One of these is real-time customer satisfaction. Right now, you can measure and assign quality to each agent and their contact in three ways:
Most contact center quality assurance (QA) teams currently use standard score sheets to assess agent call/e-mail quality. These are calibrated by supervisors and total five to 12 contacts per month; this is good sampling, but can be hit or miss, which doesn’t necessarily reflect customer perceptions of the interaction.
Very few contact centers measure post-contact customer satisfaction via an e-mail survey, launched within minutes after a phone or e-mail interaction.
This method, our favorite, asks a maximum of four questions about the customer’s reactions. The sample is much broader than in the previous method, but is very timely.
Virtually no contact centers track actual customer actions after the interaction to find out if they actually placed the order, remained a customer, or purchased more - the ideal scenario.
The next step in the process of evaluating quality is to answer these questions:
How good of a job did they do? Did they solve the problem or conduct a successful sale? Not until we collect and balance the “soft” quality side, can we get a true picture of agent performance.

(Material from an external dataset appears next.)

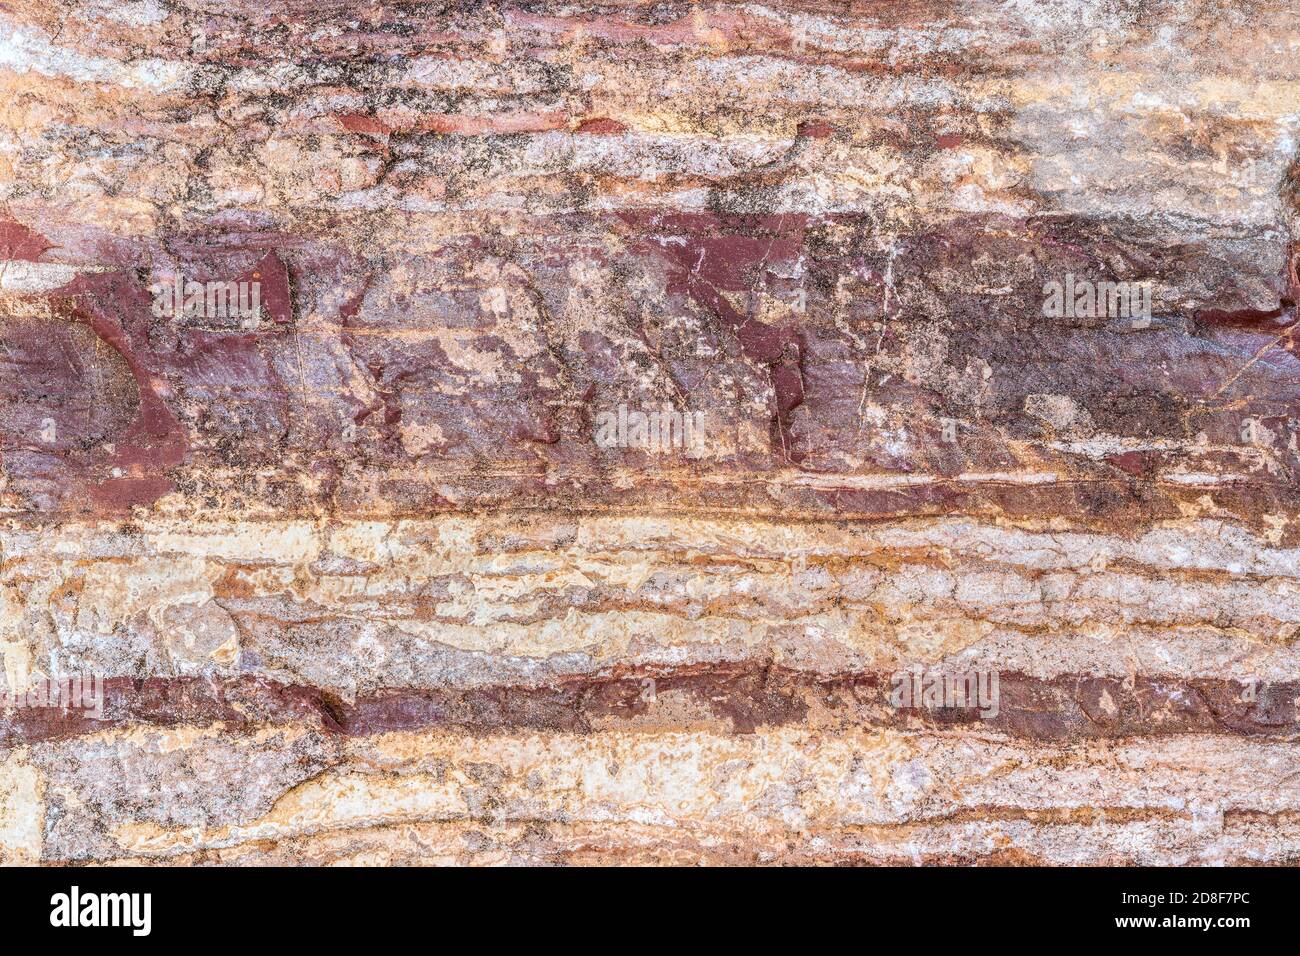 Precambrian metamorphic rock, Lake Superior region, W. Upper peninsula Michigan, USA, 4.5 to 5 billion years old, by Dominique Braud/Dembinsky Photo A Stock Photo

Viewed in this “new way,” scary facts of support center life are often unveiled as Figure 2 illustrates. In this matrix, we see that some of the “fastest” agents do a poor job, causing repeat contacts, or even losing customers (see coordinates for agents 1 and 3) while some of the “slowest” performers, who might lose their job because they can’t keep up with CPH or SPH standards, are doing a great job with customers, delivering outstanding customer experiences (see 11).
The new balanced scorecard produces significantly better results on both axes - productivity (speed element) and quality (soft side), helping agents better understand where to improve. Once companies collect and report on these balanced performance data like shown in Figure 3, they can identify “best agents” (blue), those “at risk” (red), those “miscast” (brown) and those “on the bubble” (green).
So what action plans can you next implement to drive all agents to the ideal, blue upper left-hand corner of the agent performance management matrix?
“Best agents” (2): recognize and reward them, but also find out how they can be so fast and good. They probably don’t follow norms set in training and figure out how to apply to new and ongoing training.
“At-risk agents” (1 and 3): slow them down and build quality responses (add capacity while they aren’t handling/producing as much work), targeting them to match agent 5 and then arc to meet agent 4.
“Miscast agents” (11): find something else for them to do since you won’t be able to get them to work faster. These people typically make great trainers or QA staff, or mentors/level 3 helping junior agents.
“On-the-bubble agents” (12, even 10): ask what happened and find the right path for them since they might be a drain on the team’s spirit. They might have been assigned to the wrong team leader or might suggest better hiring criteria.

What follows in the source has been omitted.